Immunogens, antigens, antibodies, Immunoglobulin Classes and Protective Functions of Antibodies
An immunogen is any foreign substance that when introduced into the body stimulates a specific immune response in the form of antibody formation or cell-mediated immunity. For a substance to be immunogenic, it must be recognized by the body as being foreign or non-self. An immunogen is usually a protein or polysaccharide of a higher molecular weight. An antigen is a molecule that can bind to the components of the immune system, including antibodies, T and B cell receptors.
Antigenic determinants (Epitopes)
Epitopes are the chemical features on the antigen molecule that physically bind to antibody (on B cells) or T cell receptors. An antigen can have one or more epitopes.

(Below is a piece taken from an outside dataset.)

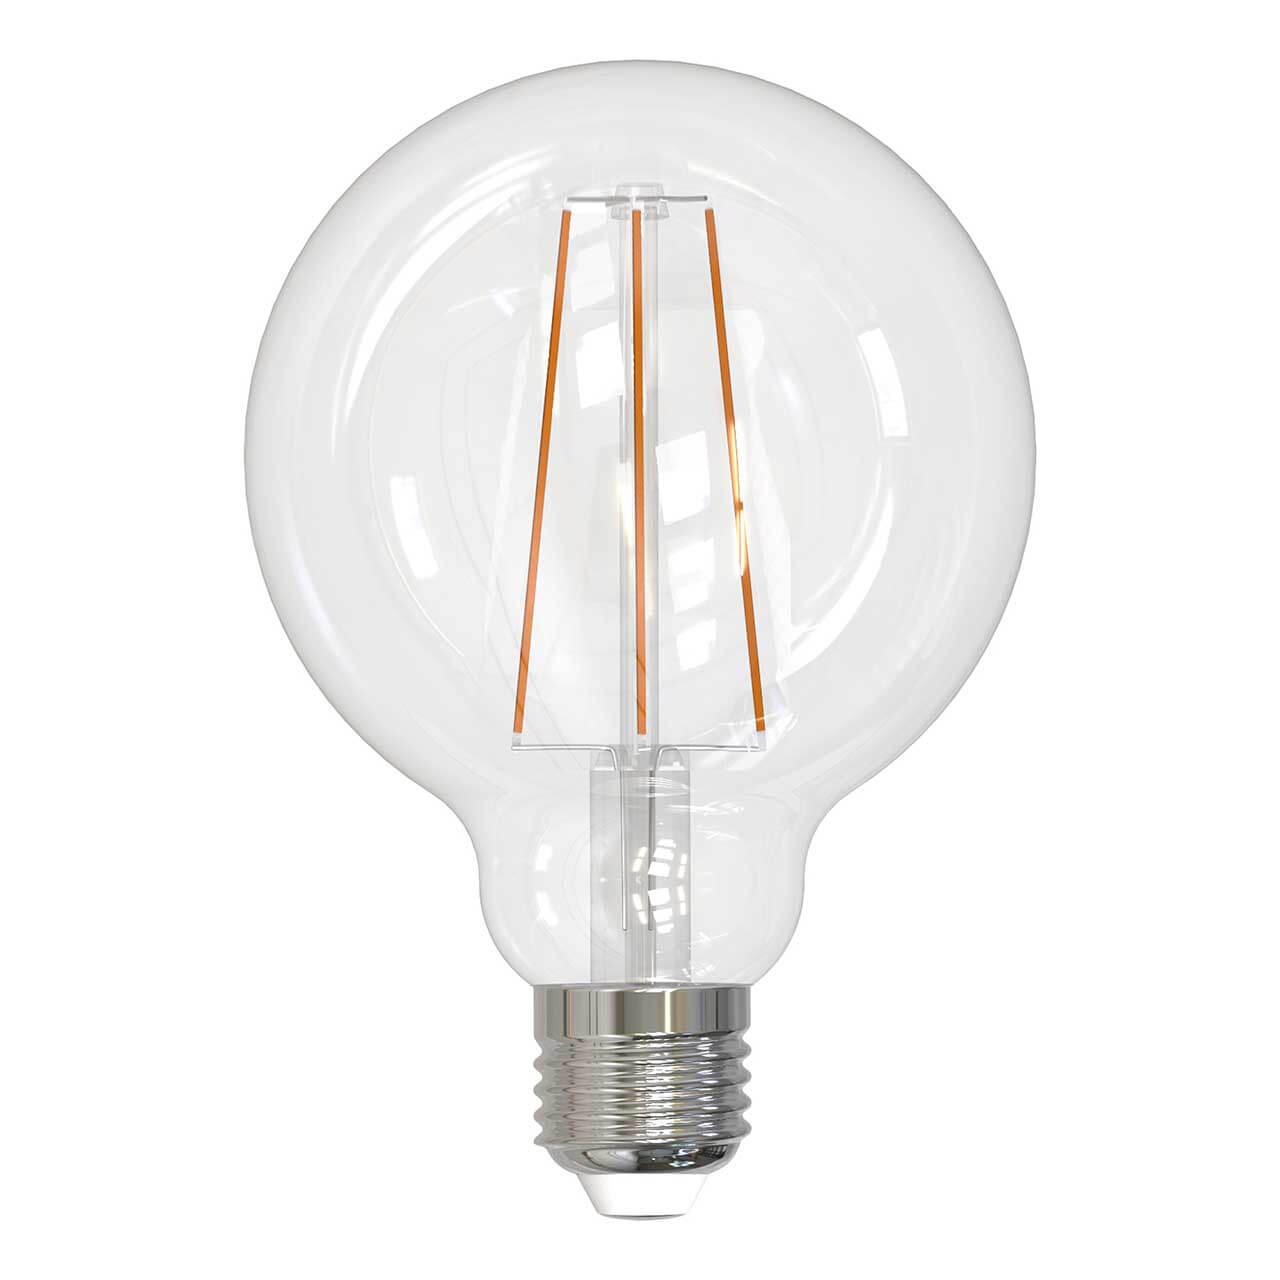 Фото - Лампочка Uniel LED-G95-15W/3000K/E27/CL PLS02WH SKY Globe лампочка uniel led g45 13w 3000k e27 cl pls02wh sky

Examples of some Ags include:
A hapten is a protein-free chemical substance, which is incapable by itself of producing an Ab, but when it binds to the body protein, it becomes immunogenic and stimulates Ab production. Haptens are like penicillin, aspirin, sulfa, cosmetics, tranquillizers and formaldehyde. A hapten can react to specific Ab, so when it is introduced into the body for the second time, it will react with the previously formed Ab leading to a reaction.
Iso-antigens (Human tissue antigens)
These are Ags present in the cells of the body of different members of the same species.
Example: is the blood group Ags. There are 2 main systems: the “ABO or ABH” and the “Rh” factor.
Human leucocytic antigen (HLA) is another example of an iso-antigen present in all nucleated tissue cells mainly leucocytes. HLA are of vital importance in organ transplantation.
Normally an individual does not react with his organs (self Ags). But, due to infection or inflammation, the antigenic structure will change (recognized as non-self), resulting in the production of autoantibodies as in some autoimmune diseases.
Ags shared by different species, e.g. Epstein-Barr virus (EBV) shares Ags with sheep and horse RBC’s. The antibodies formed in infectious mononucleosis (caused by EBV) agglutinate sheep or horse blood cells in the monospot test.
These are a group of molecules that are active in a very low concentration. They can activate a large number of T-cells non-specifically. They are mostly of bacterial origin and include the staphylococcal enterotoxin (responsible for some types of acute food poisoning), toxic shock syndrome toxin, exfoliative dermatitis toxin and streptococcal pyrogenic exotoxin.
However, some viral proteins as well as some antigens of certain mycoplasma species act as superantigens. They are termed superantigens because they bind directly, i.e, unprocessed to the variable regions of ß-chains (VB chains) of antigen receptors on certain subsets of T-cells and cross-link them to the major histocompatibility complex MHC class II of antigen-presenting cells (APCS) ie, act as a clamp between the two, providing a signal for T helper activation.
The adverse effect of superantigens is the systemic toxicity of the massive cytokine/ lymphokine release of IL 1, IL2 and TNF that results from the simultaneous stimulation of a large subset of T-cells.
Antibodies or immunoglobulins are glycoproteins expressed as:
- Soluble molecules present in serum and tissue fluids, or
- Membrane-bound receptors on the surface of B cells.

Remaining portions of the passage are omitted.